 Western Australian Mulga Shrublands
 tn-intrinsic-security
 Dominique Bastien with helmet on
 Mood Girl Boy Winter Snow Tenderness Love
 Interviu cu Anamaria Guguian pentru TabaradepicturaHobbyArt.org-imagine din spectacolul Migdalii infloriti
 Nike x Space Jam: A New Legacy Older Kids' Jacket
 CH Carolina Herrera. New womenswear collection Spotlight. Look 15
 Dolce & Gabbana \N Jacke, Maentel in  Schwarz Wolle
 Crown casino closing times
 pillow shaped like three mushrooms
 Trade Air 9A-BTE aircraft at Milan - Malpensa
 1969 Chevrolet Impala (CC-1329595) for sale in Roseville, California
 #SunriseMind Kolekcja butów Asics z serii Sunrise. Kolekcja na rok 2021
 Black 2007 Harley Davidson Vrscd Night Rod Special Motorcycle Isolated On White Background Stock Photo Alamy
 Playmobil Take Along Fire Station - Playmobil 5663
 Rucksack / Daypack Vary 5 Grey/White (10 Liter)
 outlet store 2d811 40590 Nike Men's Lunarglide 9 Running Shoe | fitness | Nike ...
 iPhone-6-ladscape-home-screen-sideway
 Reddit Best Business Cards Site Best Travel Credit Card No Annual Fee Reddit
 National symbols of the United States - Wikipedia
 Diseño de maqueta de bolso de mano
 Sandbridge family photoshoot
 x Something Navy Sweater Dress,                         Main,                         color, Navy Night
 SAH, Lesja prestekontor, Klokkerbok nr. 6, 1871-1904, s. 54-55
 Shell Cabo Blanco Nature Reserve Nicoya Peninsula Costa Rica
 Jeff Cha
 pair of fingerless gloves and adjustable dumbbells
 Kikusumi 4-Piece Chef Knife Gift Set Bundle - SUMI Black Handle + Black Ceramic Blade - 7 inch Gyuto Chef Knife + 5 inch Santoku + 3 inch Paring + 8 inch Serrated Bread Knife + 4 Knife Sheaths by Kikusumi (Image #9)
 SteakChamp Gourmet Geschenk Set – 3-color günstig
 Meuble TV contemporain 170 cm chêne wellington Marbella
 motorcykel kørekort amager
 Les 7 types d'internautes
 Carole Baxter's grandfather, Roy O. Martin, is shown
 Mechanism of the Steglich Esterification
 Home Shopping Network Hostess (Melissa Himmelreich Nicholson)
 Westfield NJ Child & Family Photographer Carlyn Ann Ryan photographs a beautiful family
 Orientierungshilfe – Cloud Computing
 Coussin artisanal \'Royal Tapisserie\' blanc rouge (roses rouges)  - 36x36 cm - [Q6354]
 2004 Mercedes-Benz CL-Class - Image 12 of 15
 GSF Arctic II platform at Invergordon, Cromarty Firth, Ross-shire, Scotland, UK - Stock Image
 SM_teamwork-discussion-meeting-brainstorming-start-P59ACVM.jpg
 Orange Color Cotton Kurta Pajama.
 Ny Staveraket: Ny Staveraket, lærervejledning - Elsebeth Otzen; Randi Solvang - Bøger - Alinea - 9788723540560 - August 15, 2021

^^^^^^^^

Transcribe, exactly and without additions, the lines of the records above, beginning with the line that contains "x Something Navy" and ending with the line that contains "SteakChamp Gourmet Geschenk", both included.

 x Something Navy Sweater Dress,                         Main,                         color, Navy Night
 SAH, Lesja prestekontor, Klokkerbok nr. 6, 1871-1904, s. 54-55
 Shell Cabo Blanco Nature Reserve Nicoya Peninsula Costa Rica
 Jeff Cha
 pair of fingerless gloves and adjustable dumbbells
 Kikusumi 4-Piece Chef Knife Gift Set Bundle - SUMI Black Handle + Black Ceramic Blade - 7 inch Gyuto Chef Knife + 5 inch Santoku + 3 inch Paring + 8 inch Serrated Bread Knife + 4 Knife Sheaths by Kikusumi (Image #9)
 SteakChamp Gourmet Geschenk Set – 3-color günstig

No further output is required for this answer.